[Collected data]
-*-
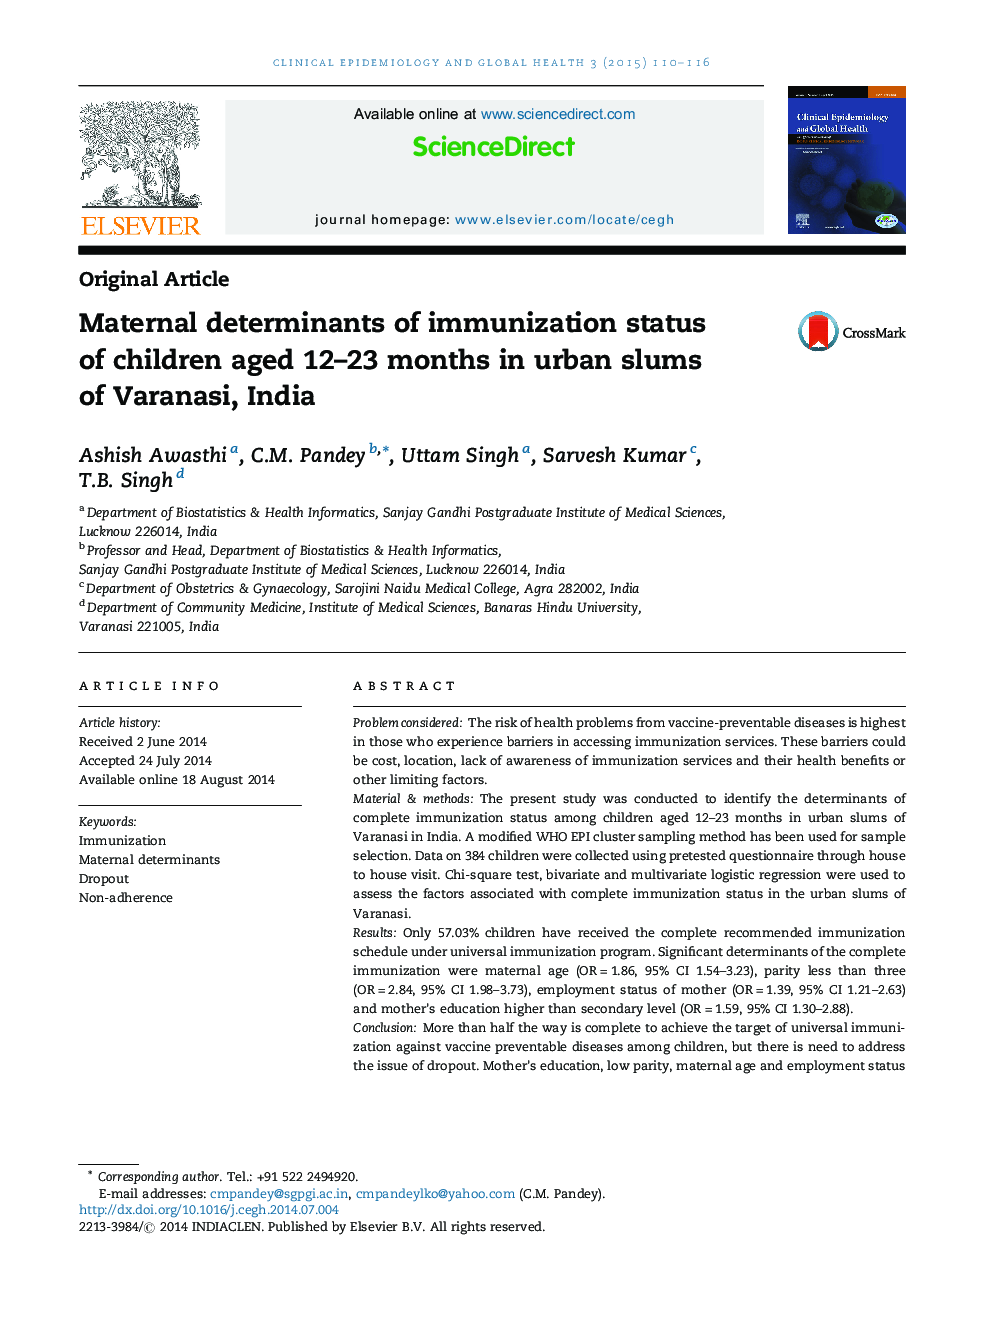 Maternal determinants of immunization status of children aged 12–23 months in urban slums of Varanasi, India
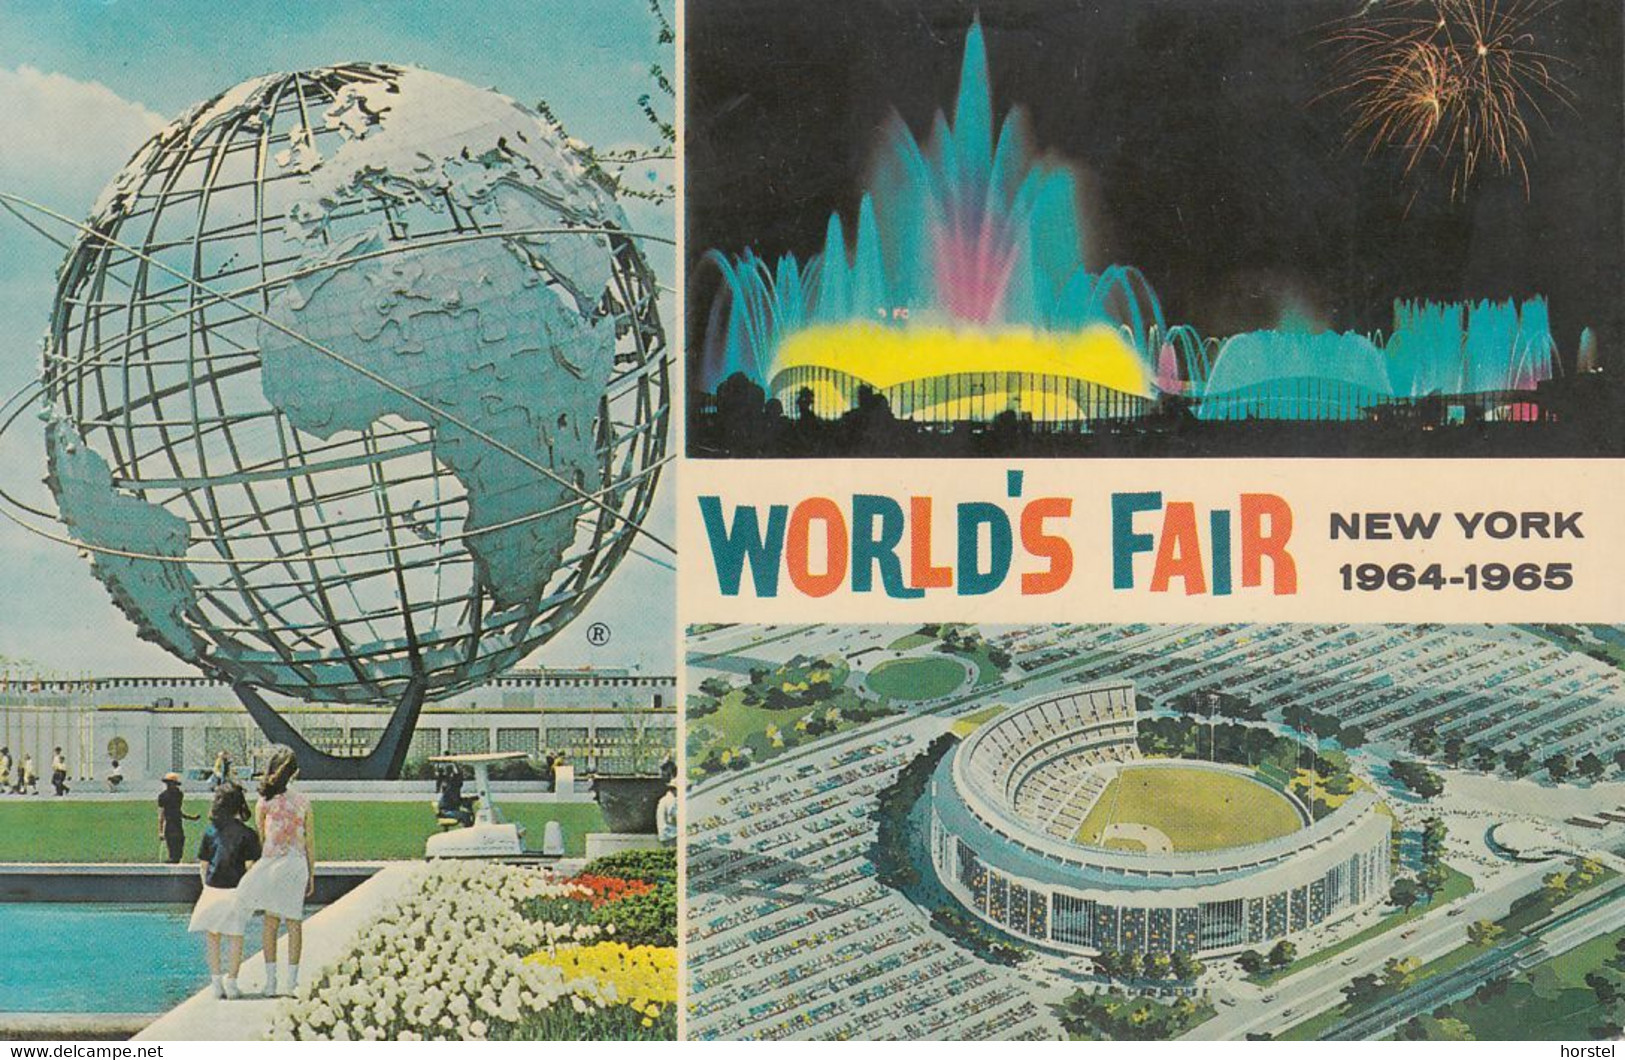 USA - New York - World's Fair - 1964-1965 - Views - Shea Stadium - Fontain - Long Island
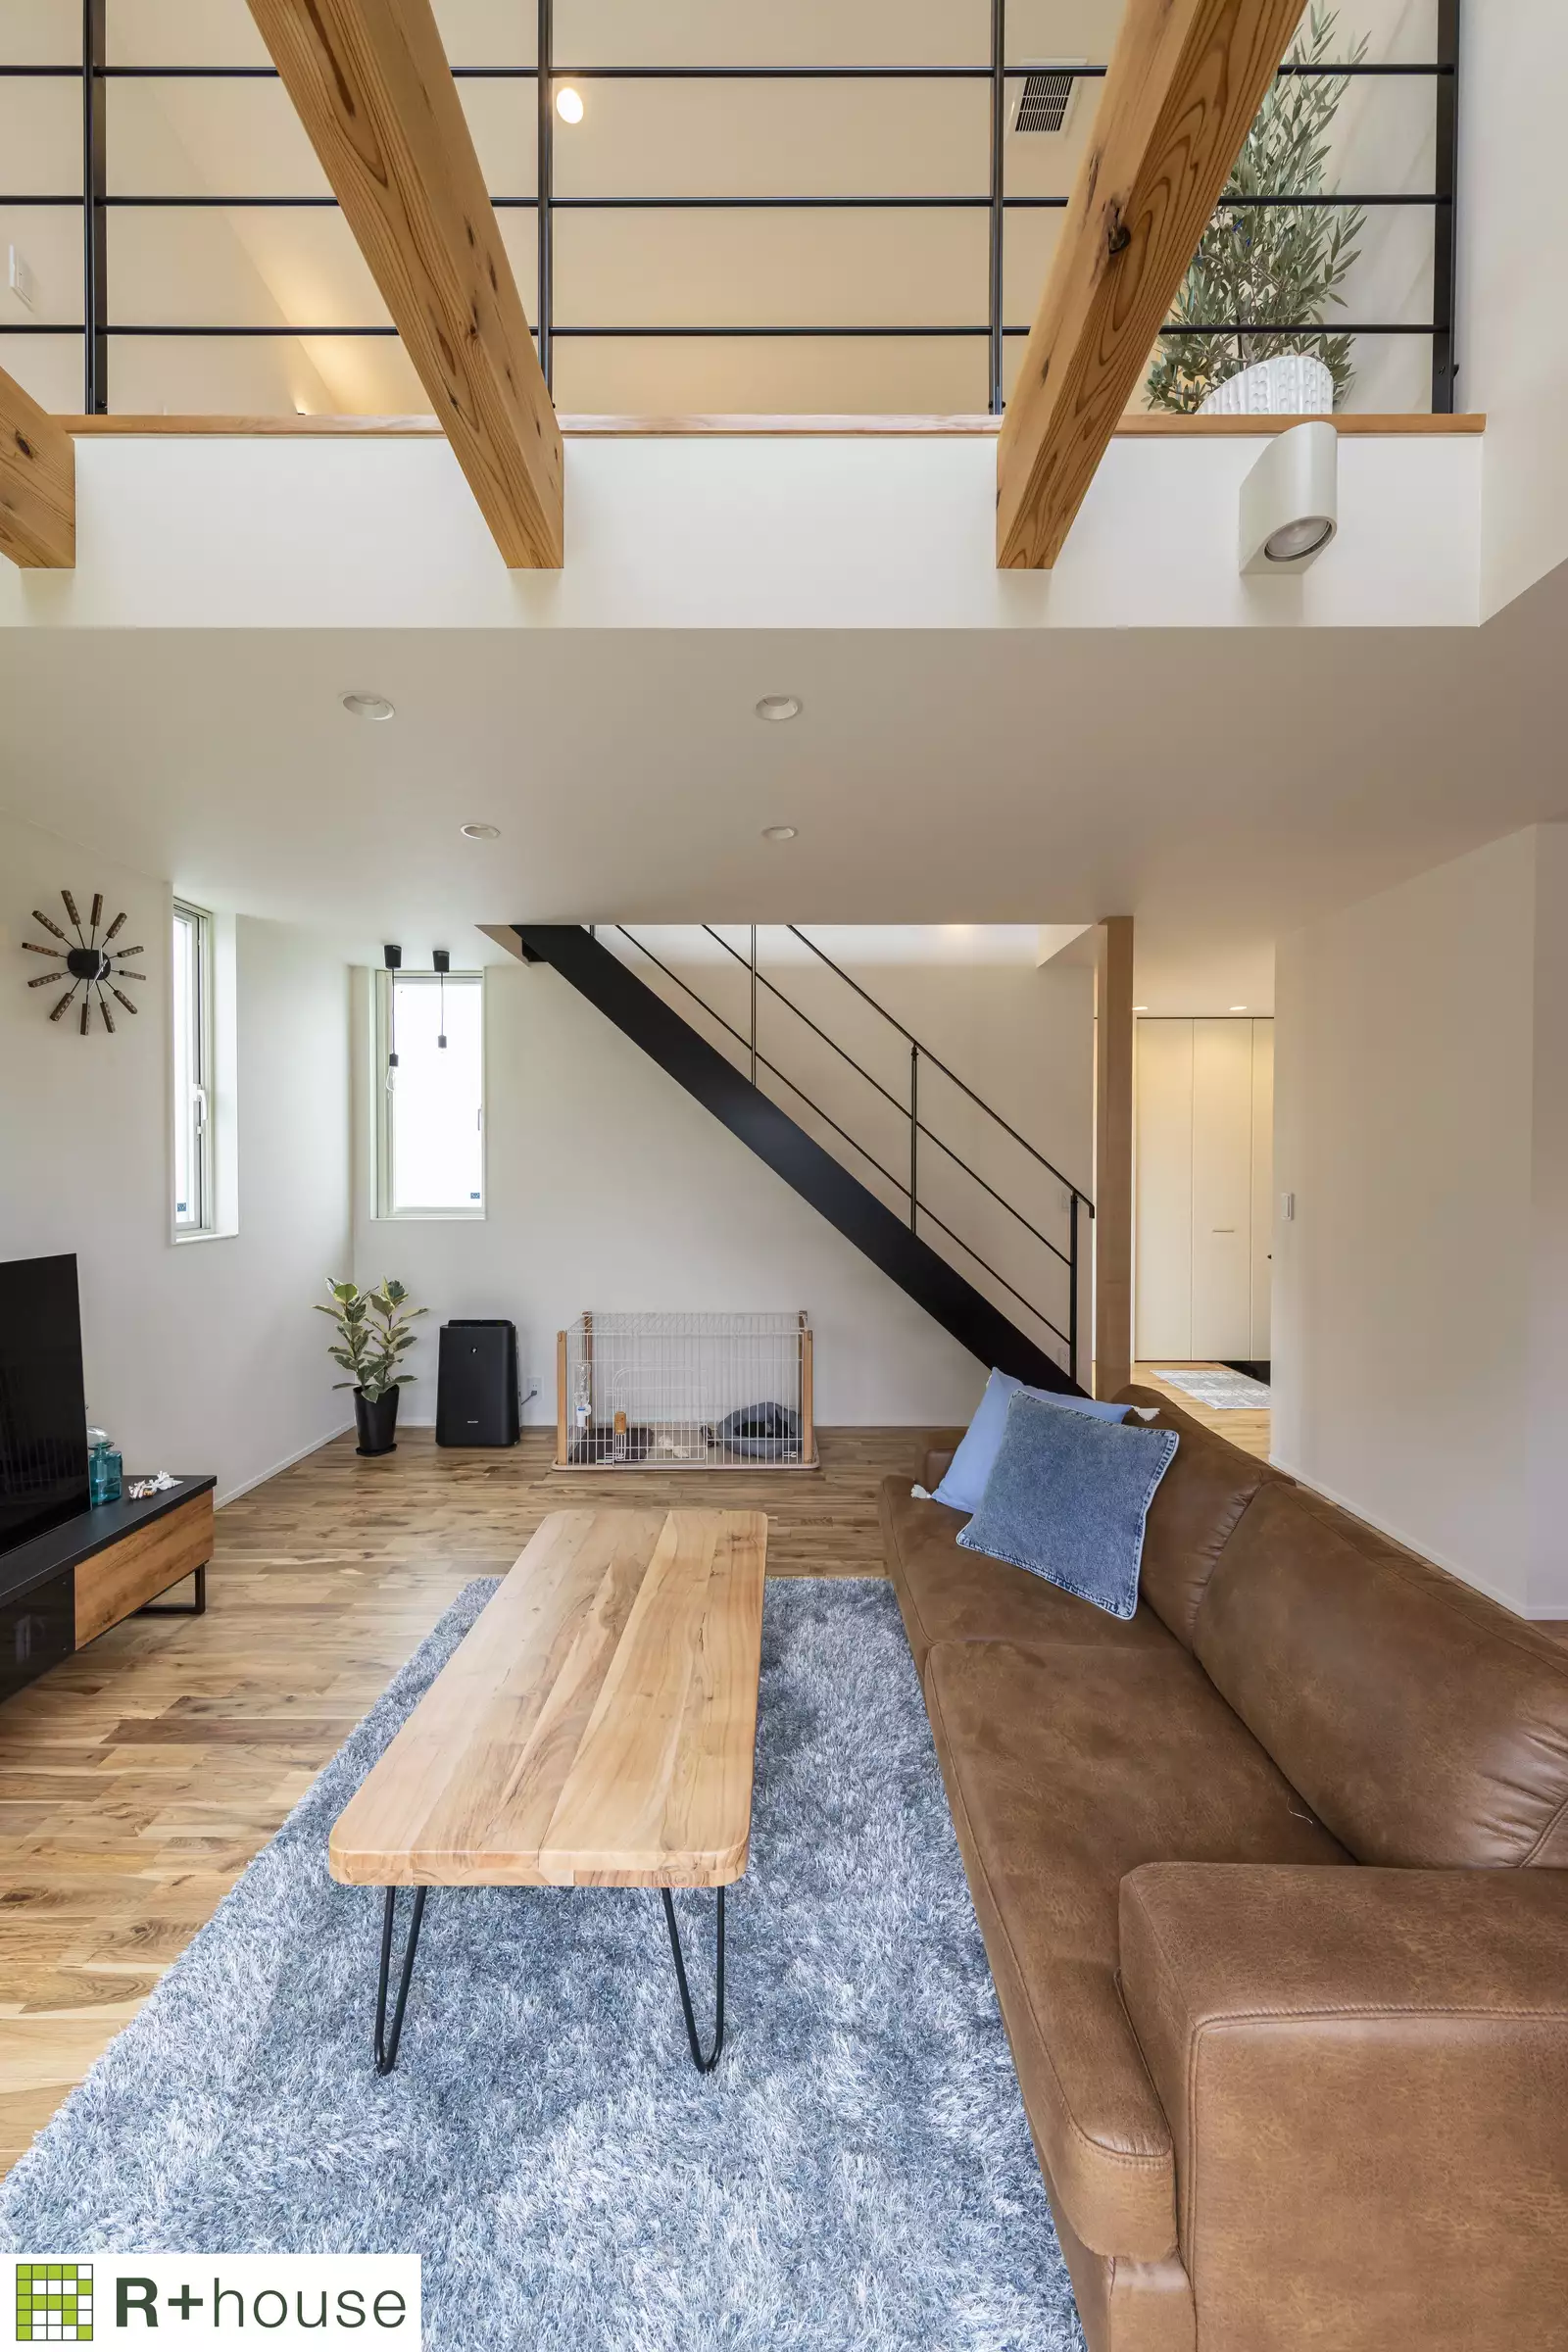 R+houseの物件のリビング写真です。ソファにローテーブル、グレーの絨毯、奥に二階へ続く階段が見えます。
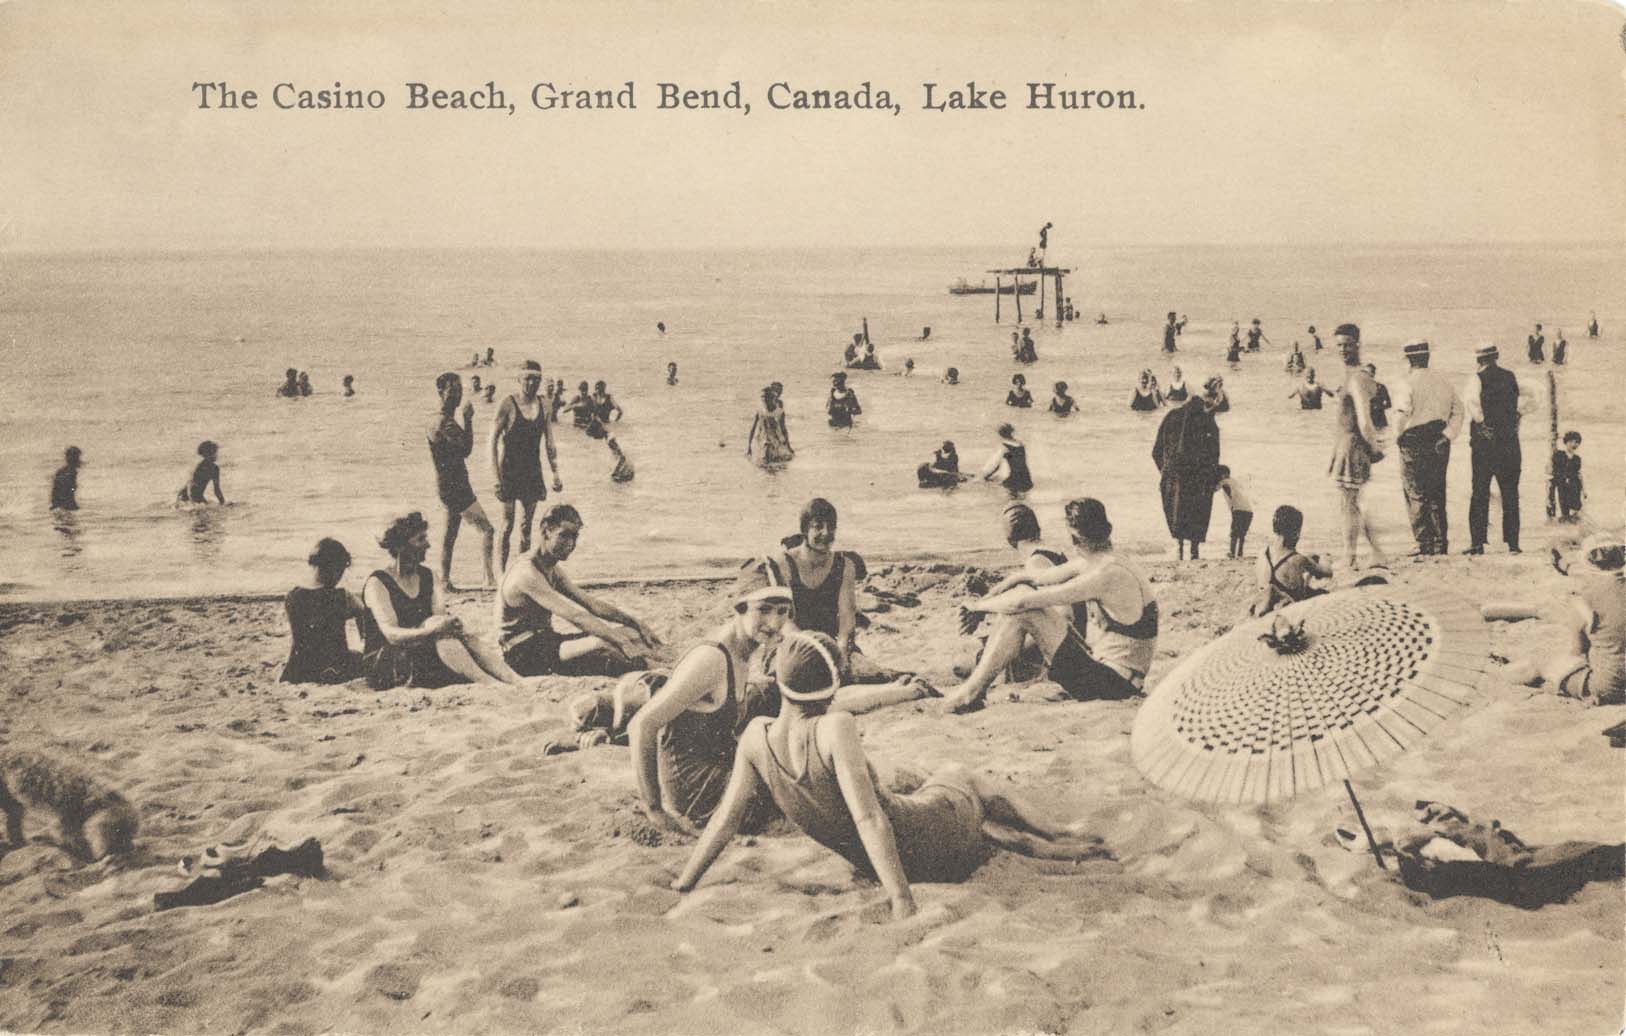 People enjoying the beach in the year 1920
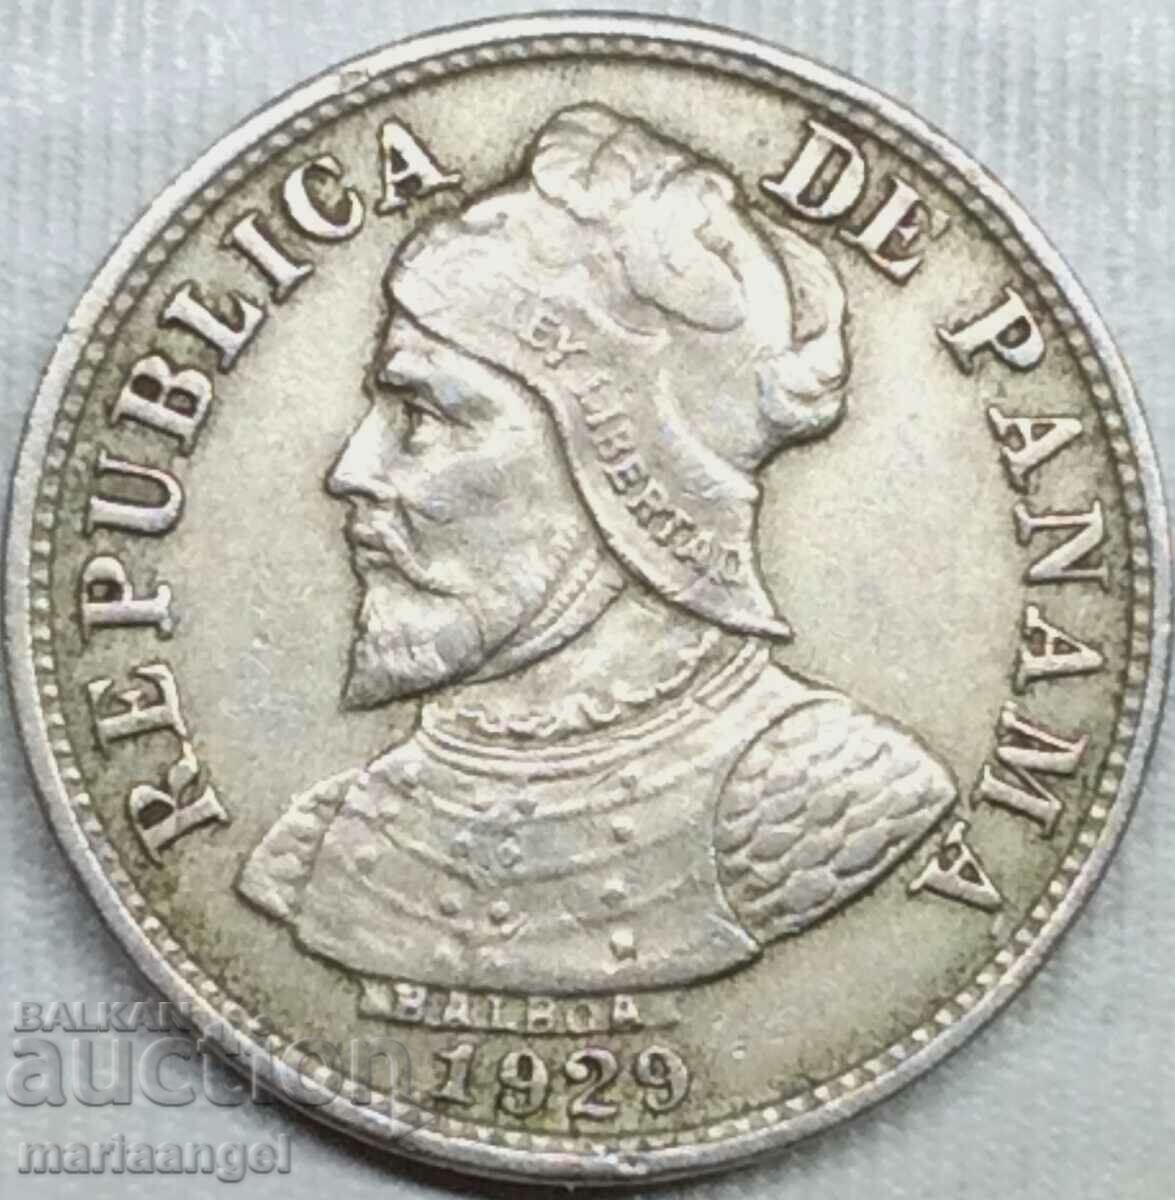 Panama 1929 2 1/2 centimos di Balboa argint
-*-
*What this task involves*.
Starting at the line that contains "R+houseの物件のリビン" and ending with the last line of the data, transcribe every line exactly; skip the pictures.

*Solution to this task*.
 R+houseの物件のリビング写真です。ソファにローテーブル、グレーの絨毯、奥に二階へ続く階段が見えます。
 People enjoying the beach in the year 1920
 Panama 1929 2 1/2 centimos di Balboa argint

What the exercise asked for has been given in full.